* [DATASET SECTION]:
►

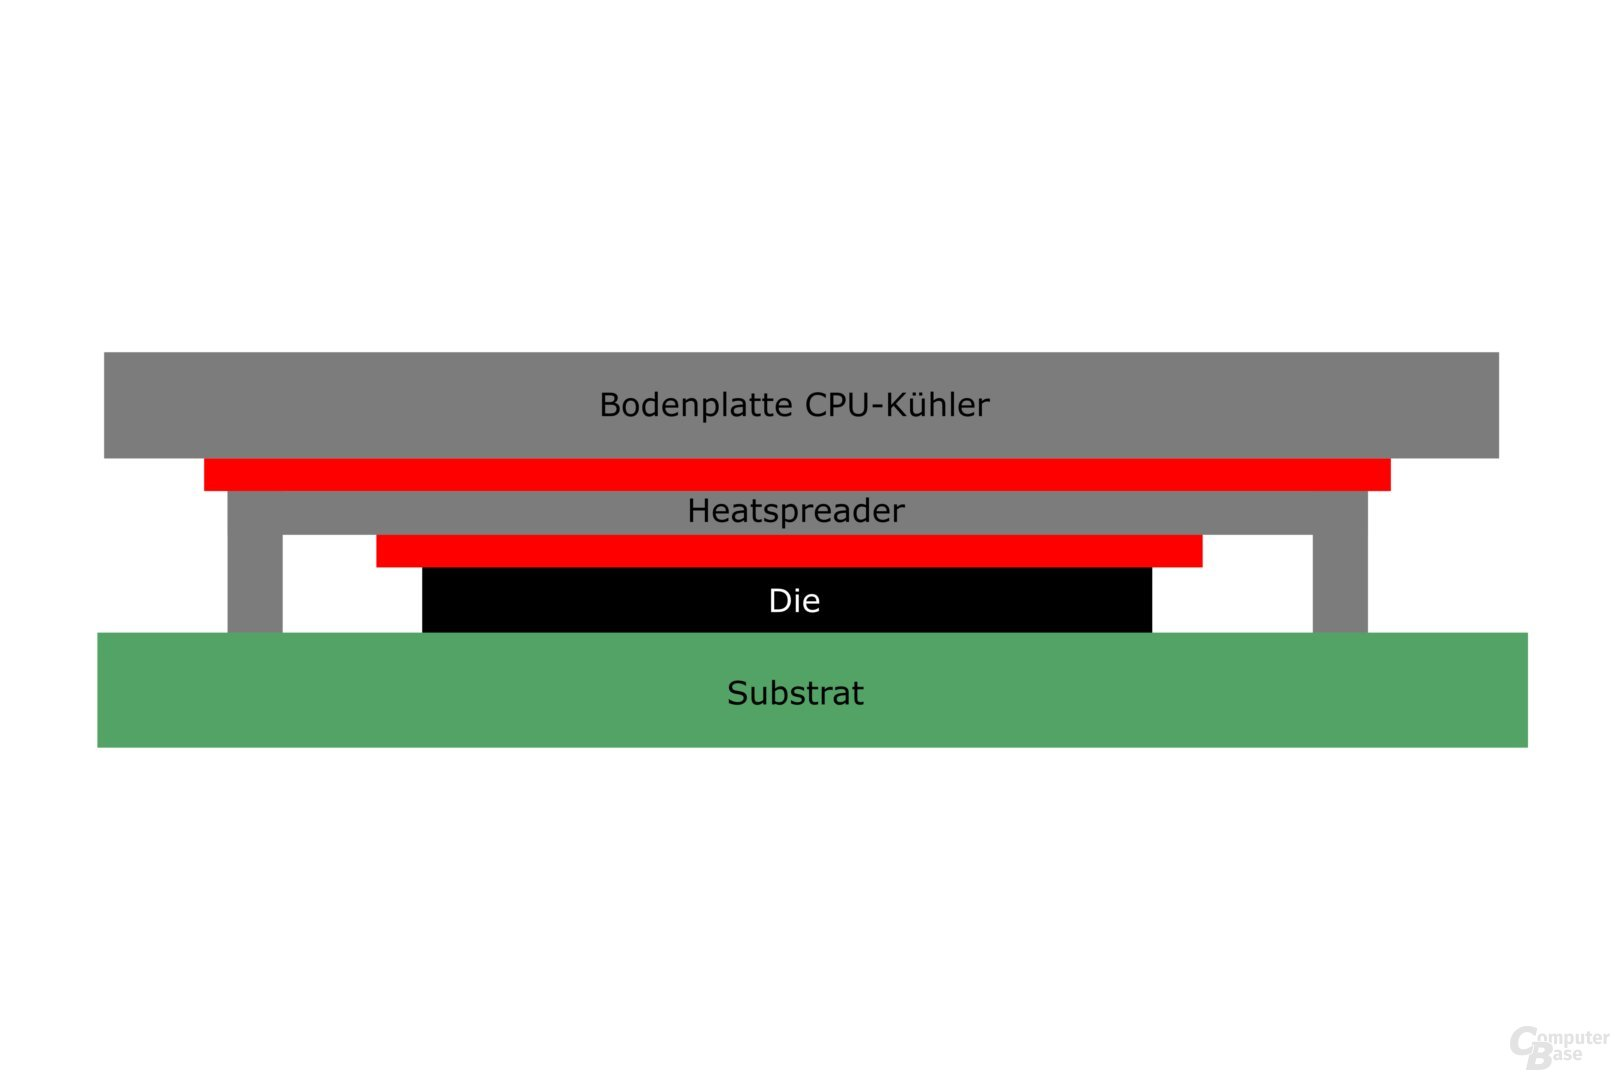 Wärmeübergänge zwischen CPU und Kühler: Wärmeleitmittel als Verbindungen sind in Rot eingezeichnet
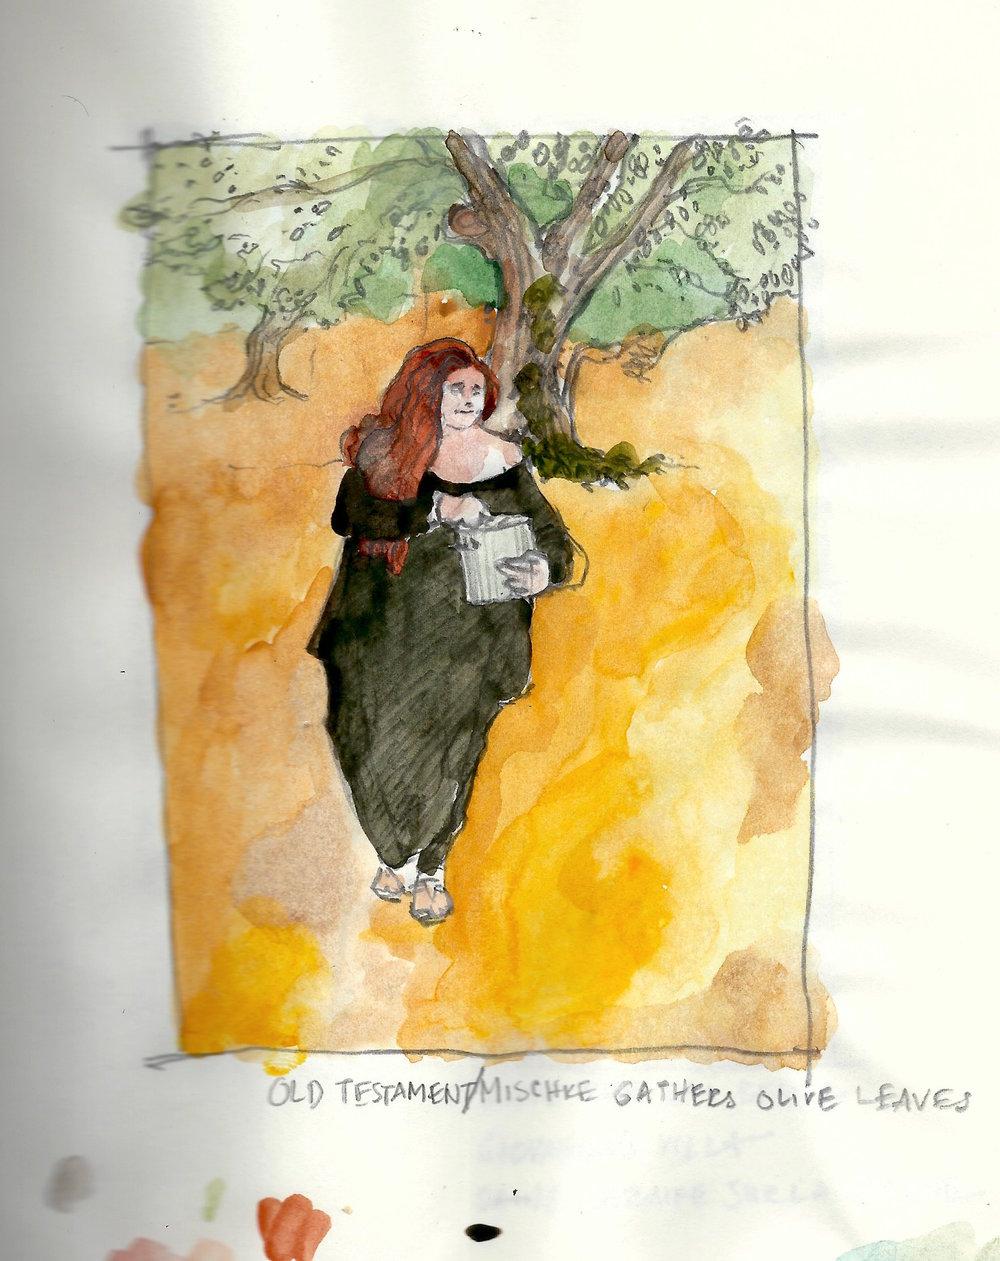 Old Testament:Mischke Gathers Olive Leaves.jpeg
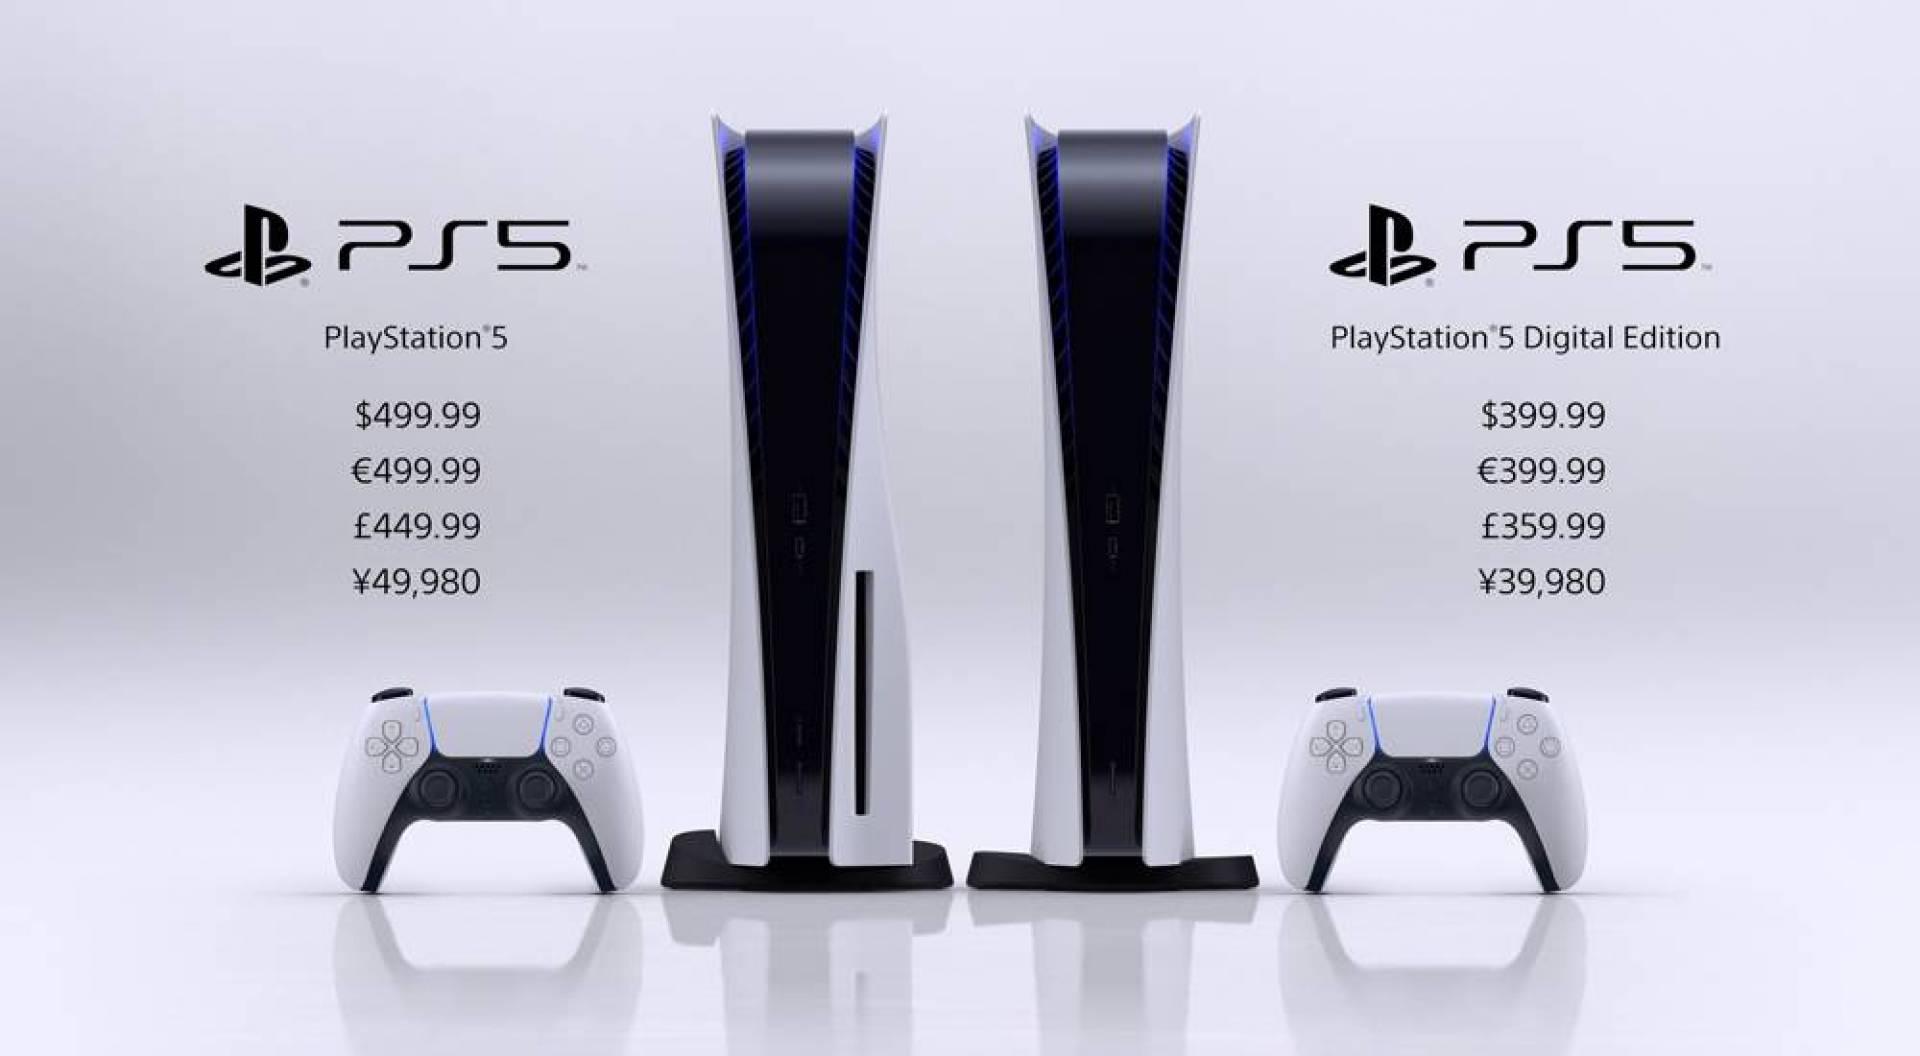 «سوني» تطرح جهاز «PlayStation 5» في 12 نوفمبر بسعر يبدأ من 400 دولار

◄

* [EXERCISE]: Reproduce the whole listing above word for word, dropping each image.

* [EXERCISE RESPONSE]:
 Wärmeübergänge zwischen CPU und Kühler: Wärmeleitmittel als Verbindungen sind in Rot eingezeichnet
 Old Testament:Mischke Gathers Olive Leaves.jpeg
 «سوني» تطرح جهاز «PlayStation 5» في 12 نوفمبر بسعر يبدأ من 400 دولار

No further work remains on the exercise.